Initial Fitting of Bilateral Lower-Extremity Prostheses in the Teen-Ager
William H. Georgi, M.D. Bernie P. Davis, M.D. Robert Warner, M.D. Daniel F. Alessi, M.S.
Rehabilitation of a child with bilateral lower-extremity amputations is always a challenge. The problems are compounded when a chronic lower-extremity disability is present throughout childhood but amputations and prosthetic applications are not carried out until the middle teens.
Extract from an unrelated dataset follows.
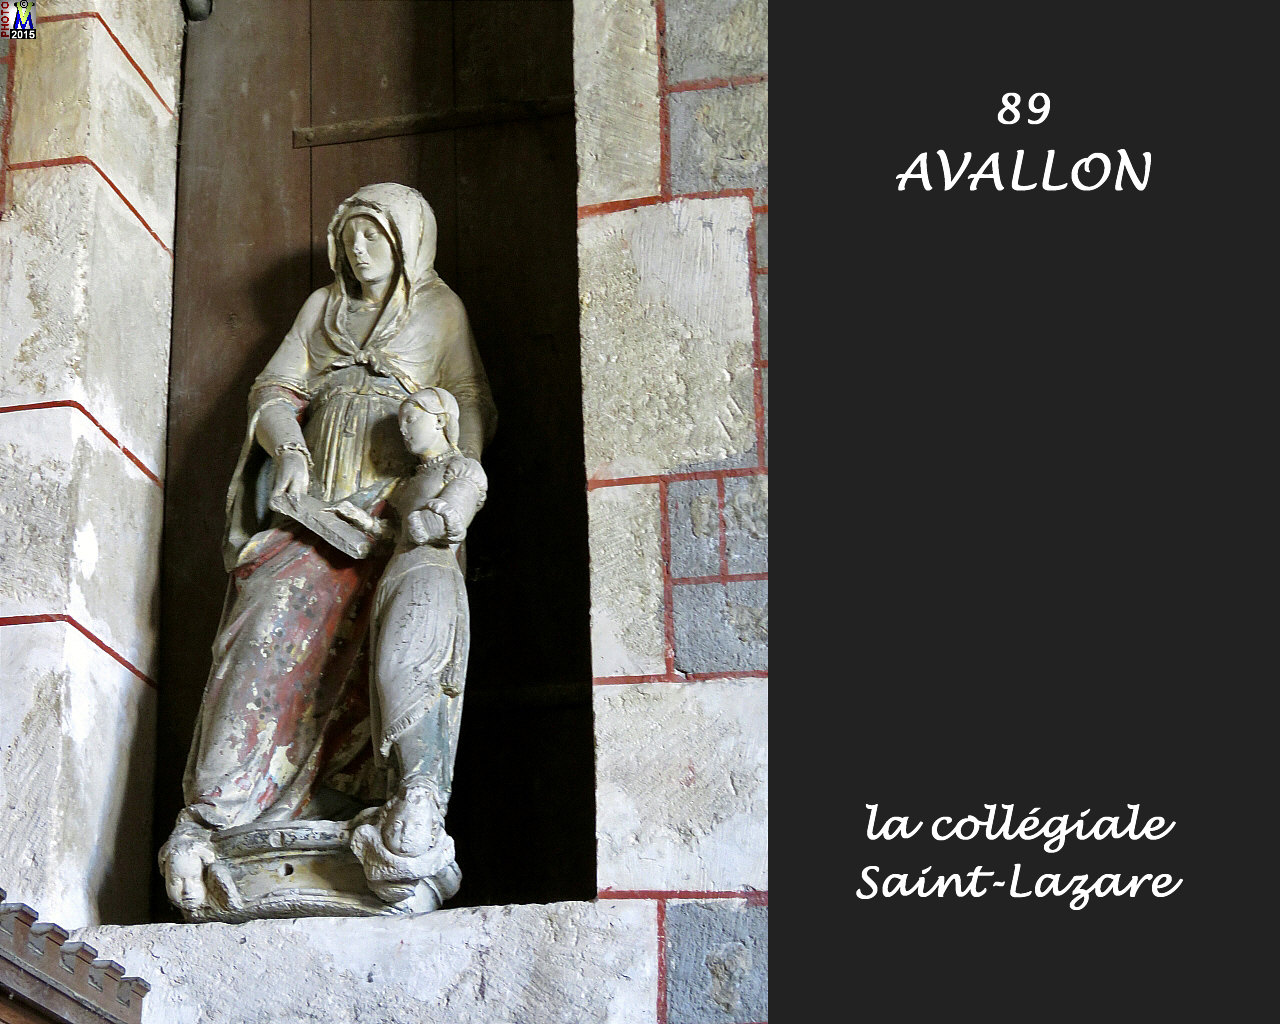 89AVALLON-collegiale_260.jpg

In the past few years the Buffalo clinic team has treated two girls with histories of this type. Their problems of physical restoration and social, educational, and vocational rehabilitation are strikingly similar.
Case No. 1
R.C. was 15-1/2 years old when first seen in our clinic in 1966. She had multiple congenital abnormalities of the lower extremities, including deformed feet, absent tibiae bilaterally, and an extra femur protruding from the right hip. Over the course of the years the extra femur was removed surgically and she had been subjected to multiple orthopedic corrective procedures (about 12). She finally came to our attention after she had had bilateral knee fusions and Syme's-type amputations distally (Fig. 1 ).
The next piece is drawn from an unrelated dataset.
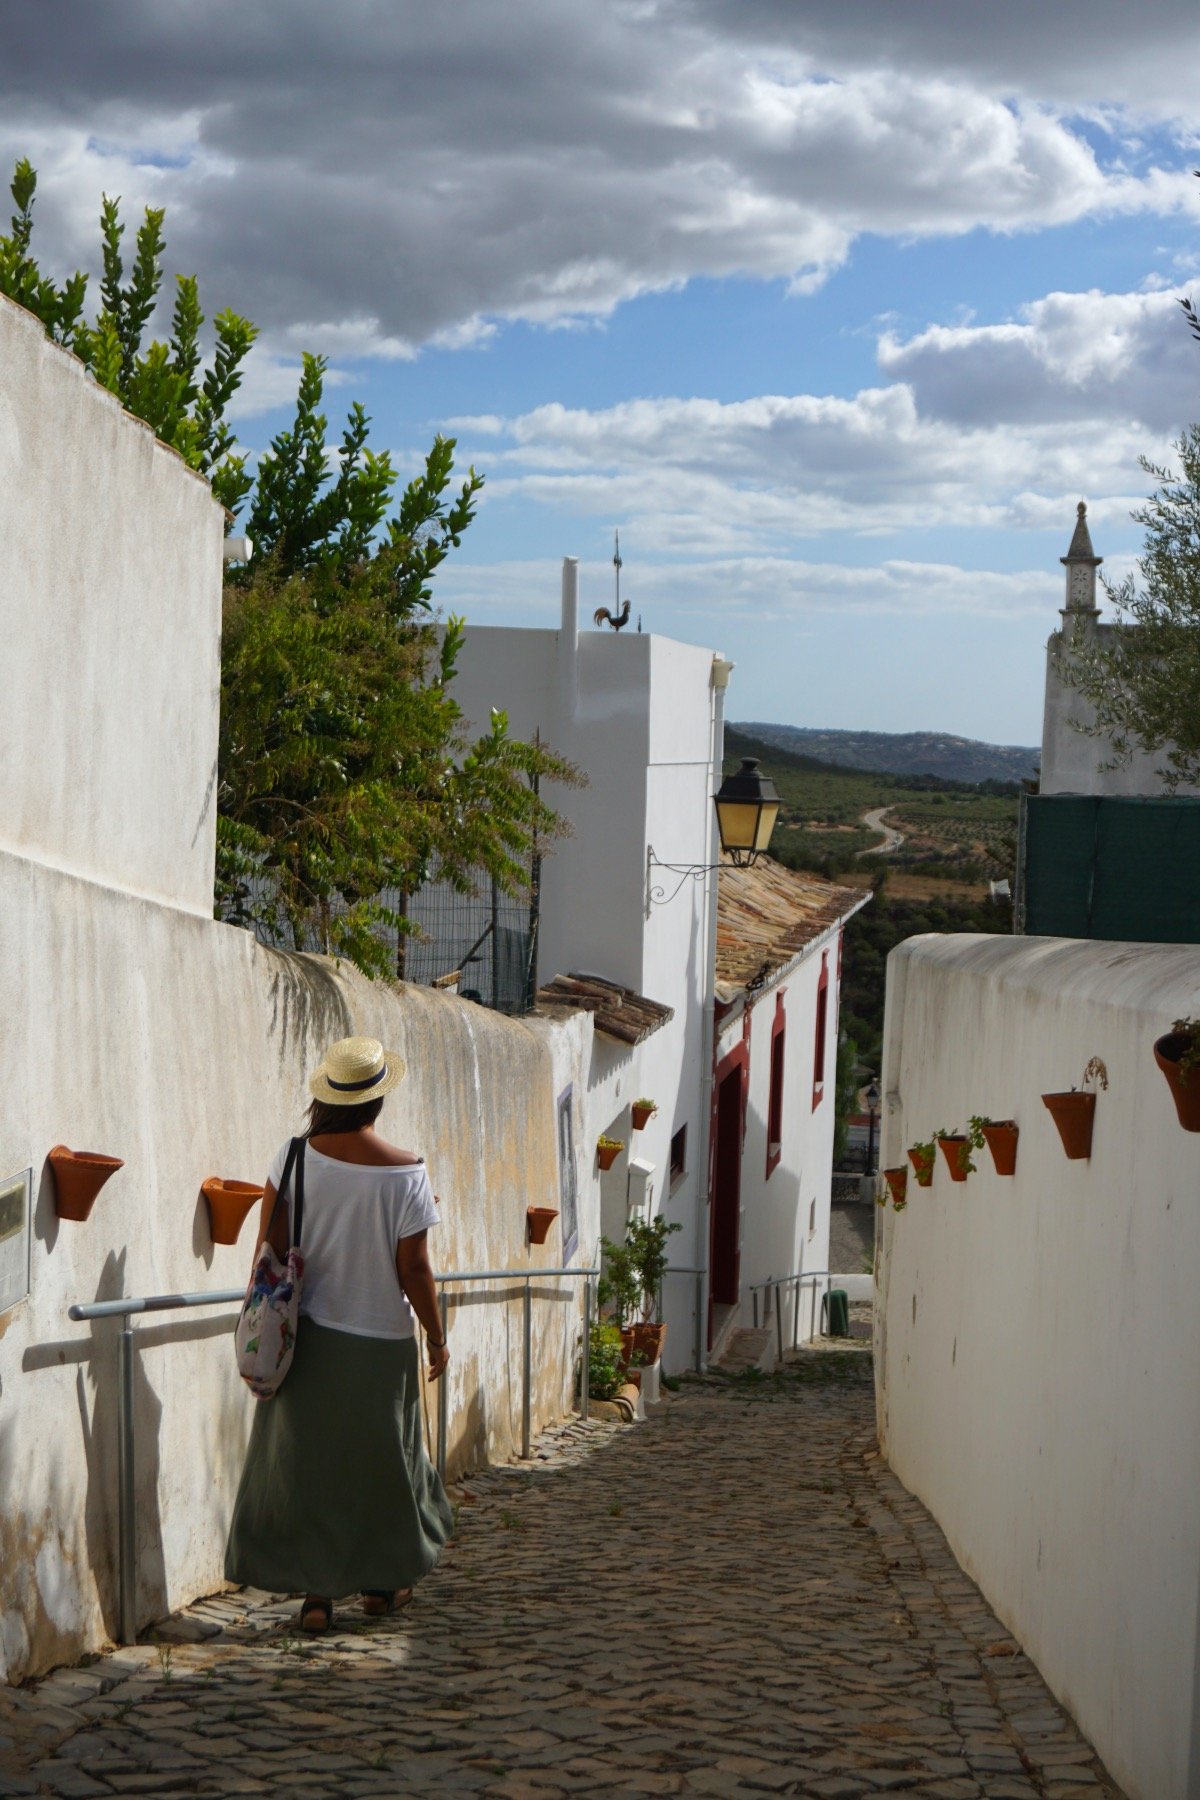 Alte, considerado el pueblo más típico de Portugal

At the initial evaluation our clinic group felt that with the limbs as presented this girl could not be successfully fitted with prostheses, primarily because of the potential instability arising from the fusion of the small fibula to the femur; and also because she would have no knee motion. Bilateral supracondylar amputations were done in April 1967 (Fig. 2 ), and she was provided with quadrilateral, suction-socket, above-knee prostheses bilaterally in September of that year. By November 1967 she was able to ambulate independently
with crutches. The patient was quite obese but, supported by intensive counseling, she did lose some weight through dieting and medication. This weight reduction plus her strenuous ambulation activities caused enough stump shrinkage to necessitate replacement of her sockets in January 1969. At present she is ambulating independently with Canadian crutches (Fig. 3 ).
Case No. 2
K.G. was referred to the clinic in 1967 when she was 17 years of age. Born with a meningocele which was repaired in infancy, she had deformities of both feet which were described as clubfeet with complete anesthesia. She also had been subjected to multiple orthopedic procedures 12 prior to bilateral below-knee amputations in March 1967 (Fig. 4 ). Because of urinary incontinence, an ileal-loop urinary-diversion procedure had been carried out at 11 years of age. She weighed 178 pounds.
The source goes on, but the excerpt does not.